CEB - Centre of Biological Engineering, University of Minho, 4710-057 Braga, Portugal; LABBELS - Associate Laboratory, Braga/Guimarães, Portugal.
LSRE-LCM - Laboratory of Separation and Reaction Engineering - Laboratory of Catalysis and Materials, Faculty of Engineering, University of Porto, Rua Dr. Roberto Frias, 4200-465 Porto, Portugal; ALiCE - Associate Laboratory in Chemical Engineering, Faculty of Engineering, University of Porto, Rua Dr. Roberto Frias, 4200-465 Porto, Portugal.
Bioresour Technol. 2024 Sep;408:131144. doi: 10.1016/j.biortech.2024.131144. Epub 2024 Jul 21.
Conductive materials (CM) enhance methanogenesis, but there is no clear correlation between conductivity and faster methane production (MP) rates. We investigated if MP by pure cultures of methanogens (Methanobacterium formicicum, Methanospirillum hungatei, Methanothrix harundinacea and Methanosarcina barkeri) is affected by CM (activated carbon (AC), magnetite), and other sustainable alternatives (sand and glass beads, without conductivity, and zeolites (Zeo)). The significant impact of the materials was on M. formicicum as MP was significantly accelerated by non-CM (e.g., sand reduced the lag phase (LP) duration by 48 %), Zeo and AC (LP reduction in 71% and 75 %, respectively). Conductivity was not correlated with LP reduction. Instead, silicon content in the materials was inversely correlated with the time required for complete MP, and silicon per se stimulated M. formicicum's activity. These findings highlight the potential of using non-CM silicon-containing materials in anaerobic digesters to accelerate methanogenesis.
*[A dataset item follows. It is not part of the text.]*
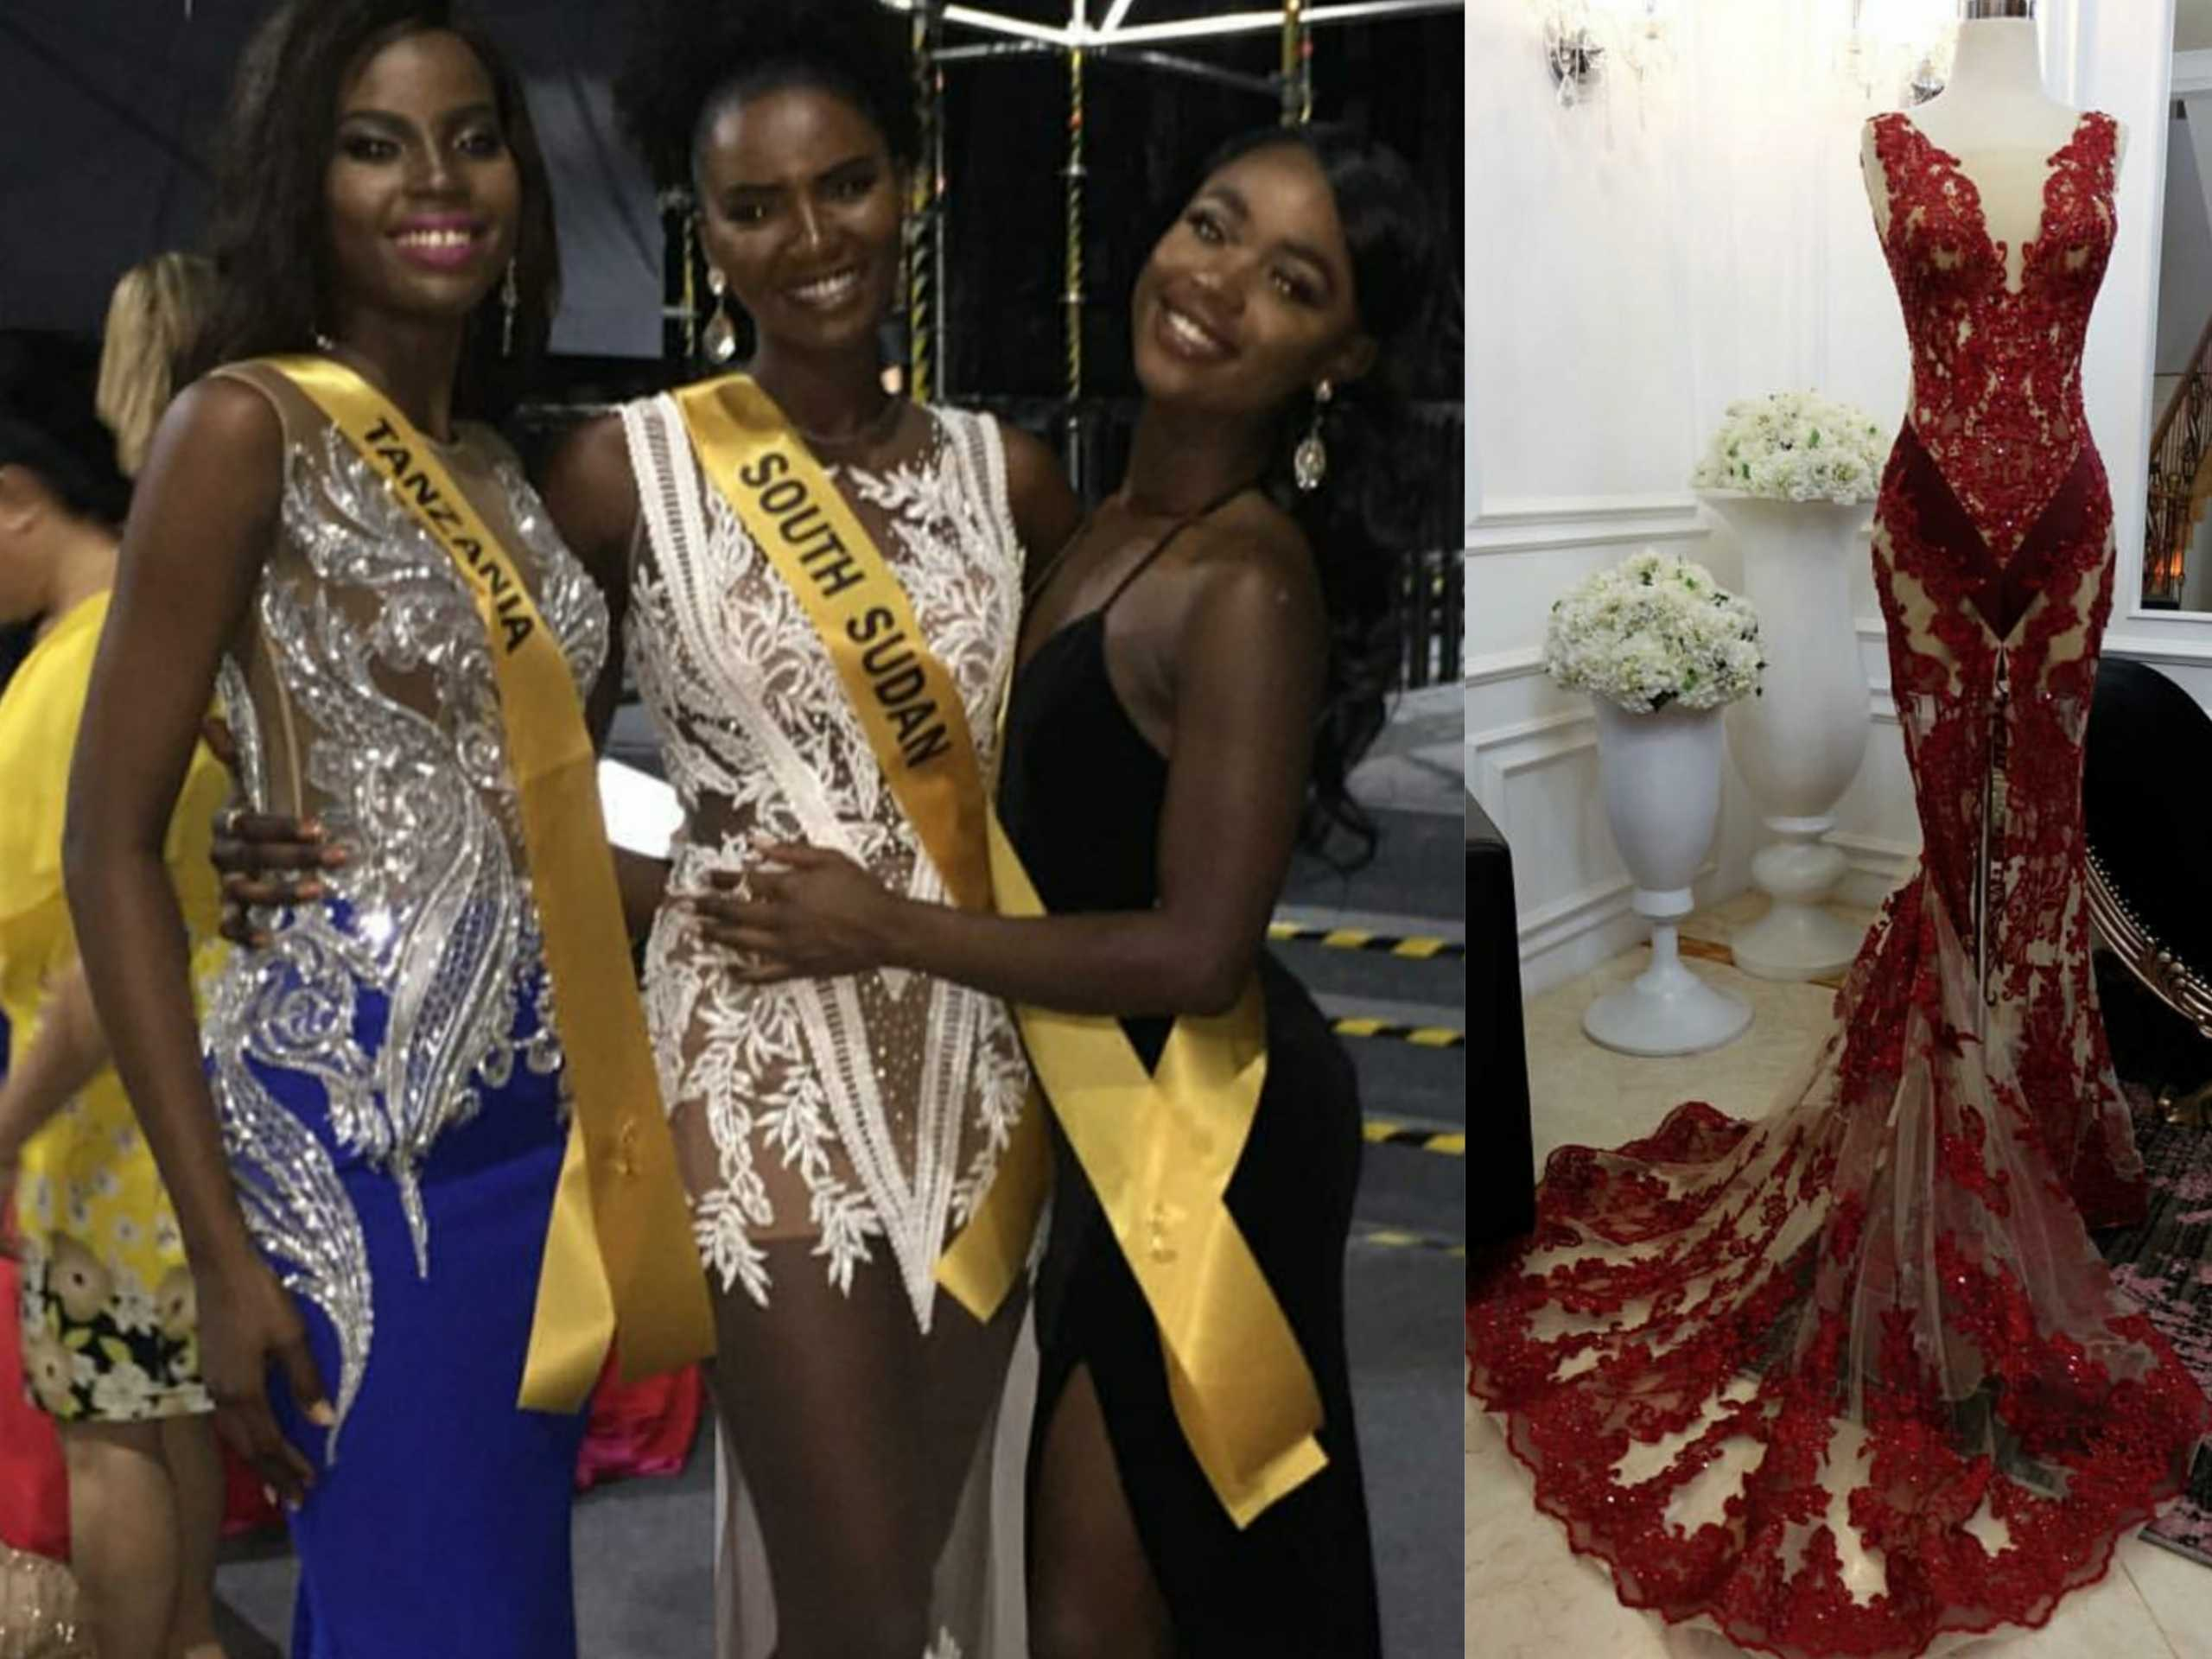 Miss Grand Tanzania mengenakan gaun perak-biru dari Anaz (kiri). Anaz menyiapkan gaun merah untuk Miss Grand Belgium (kanan). (Sumber: Instagram/anazofficial)

导电材料(CM)可以增强产甲烷作用,但导电性与更快的甲烷生成(MP)速率之间没有明确的相关性。我们研究了纯培养的产甲烷菌(甲酸甲烷杆菌、亨氏甲烷螺菌、沼泽红假单胞菌和巴氏甲烷八叠球菌)的 MP 是否受到 CM(活性炭(AC)、磁铁矿)和其他可持续替代品(无导电性的沙和玻璃珠,以及沸石(Zeo))的影响。材料对 M. formicicum 的影响非常显著,因为非 CM(例如,沙将滞后期(LP)持续时间缩短了 48%)、沸石和 AC(LP 分别减少了 71%和 75%)显著加速了 MP。导电性与 LP 减少无关。相反,材料中的硅含量与完成 MP 所需的时间呈反比,而硅本身刺激了 M. formicicum 的活性。这些发现强调了在厌氧消化器中使用非 CM 含硅材料来加速产甲烷作用的潜力。